Tobacco packaging will also display the proportion of harmful contents such as nicotine and tar, he said, inaugurating the fourth World Assembly on Tobacco Counters Health.

Indian doctors and anti-tobacco activists have long demanded that the statutory “Cigarette Smoking is Injurious to Health” be replaced with more effective warnings. A few developed by the health ministry include Tobacco Causes Heart Attack, Tobacco Causes Cancer, and Tobacco Kills.

Volunteers tested proposed messages on school and college students and found these to be the most effective. Others will be developed soon, and the risks of passive smoking will also be conveyed.

Experts suggest rotating messages on different packs, such as Smoking Kills, Tobacco is Addictive, Smoking Causes Heart Disease, Smoking Causes 85% of All Lung Cancer Deaths, and Smoking Harms Your Baby. They had once recommended skull-and-bones on packs.

While the health ministry had years ago agreed on the need for labelling changes, it had not issued orders. Anti-tobacco activists had put this down to differences within the government as tobacco is seen as an important industry and source of jobs. More important, it is a huge source of revenue for the government.

Citing community surveys, Ramadoss said India accounts for about 900,000 deaths each year from the use of tobacco. Medical expenses on tobacco-linked health problems alone account for Rs 30,800 crore. He said the new norms would be designed to curb smoking, especially among the youth.

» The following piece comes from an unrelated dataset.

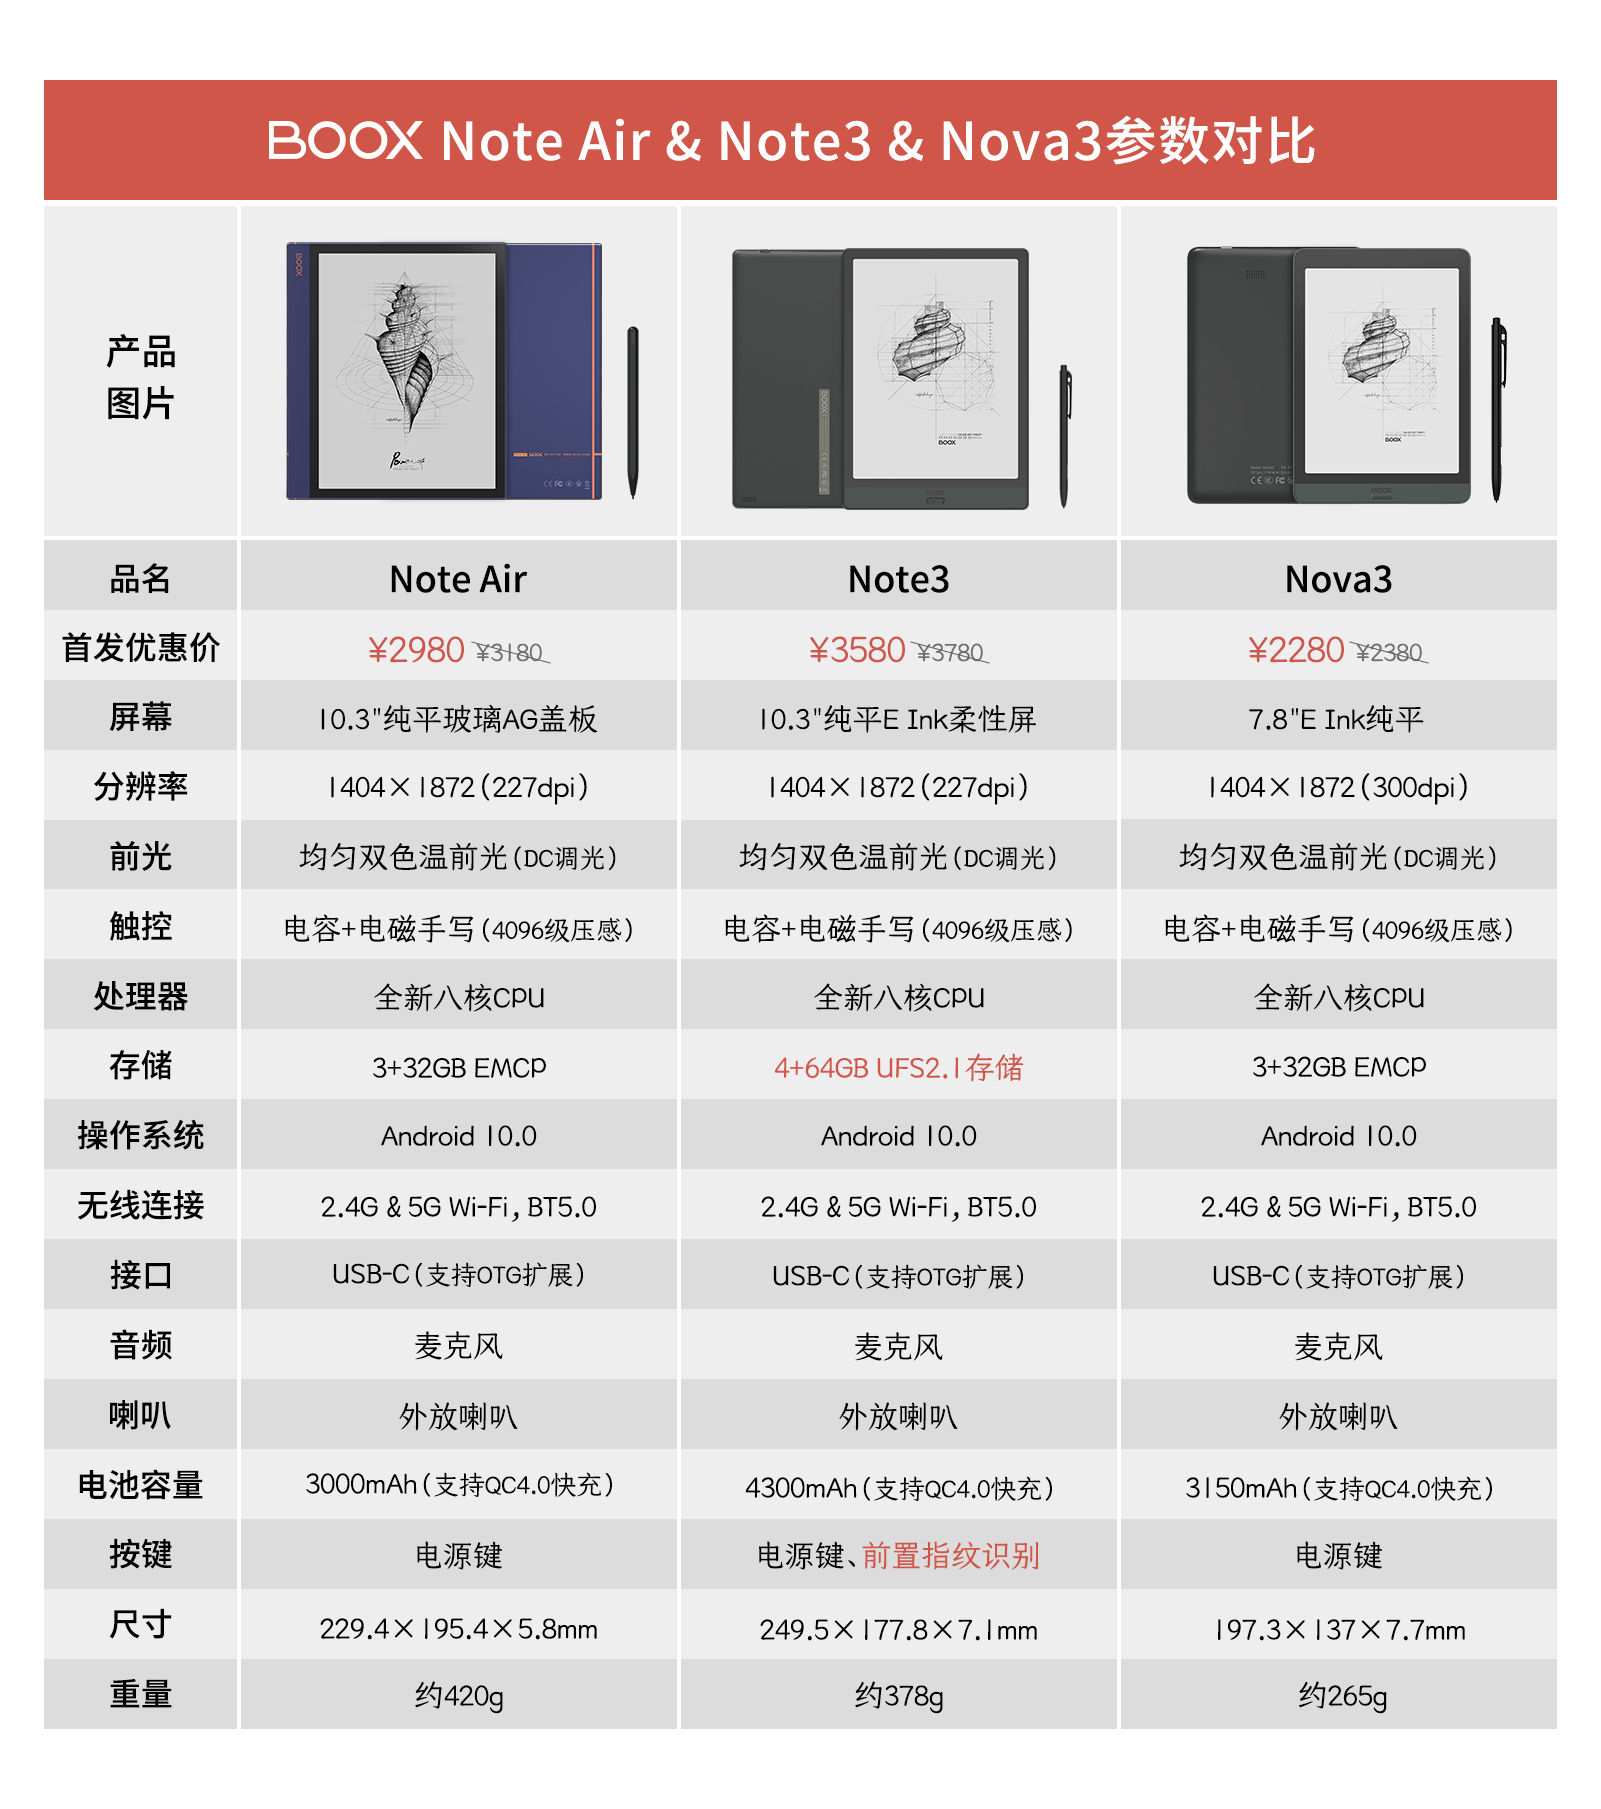 旗舰再升级！文石BOOX Note3、Nova3 等三款智能墨水平板新品惊艳上市

Surveys in India have shown that cigarettes account for less than 10 per cent of tobacco consumption. About 45 per cent smoke beedis, and another 45 per cent consume tobacco in other forms. Tobacco consumption patterns demonstrate large-scale addiction among the younger population and that initiation into the habit takes place early.

Ramadoss also told the conference that the proposed ban on the display of tobacco products in movies and on television would come into effect from January 1. No character in a movie or a TV show can display tobacco products or their use, though certain exemptions will be made.

One exemption, for instance, is the portrayal of a real historical figure or the representation of a historical era. Live coverage of events will also be exempt from the new rules. However, it shall be mandatory for the film to include anti-tobacco messages at the beginning, middle and end of each film. In TV programmes, anti-tobacco health warnings will need to be shown as a prominent scroll at the bottom of the screen.

The World Health Organisation has said that by 2020, 70 per cent of deaths due to tobacco would occur in low- and middle-income groups, particularly in China and India.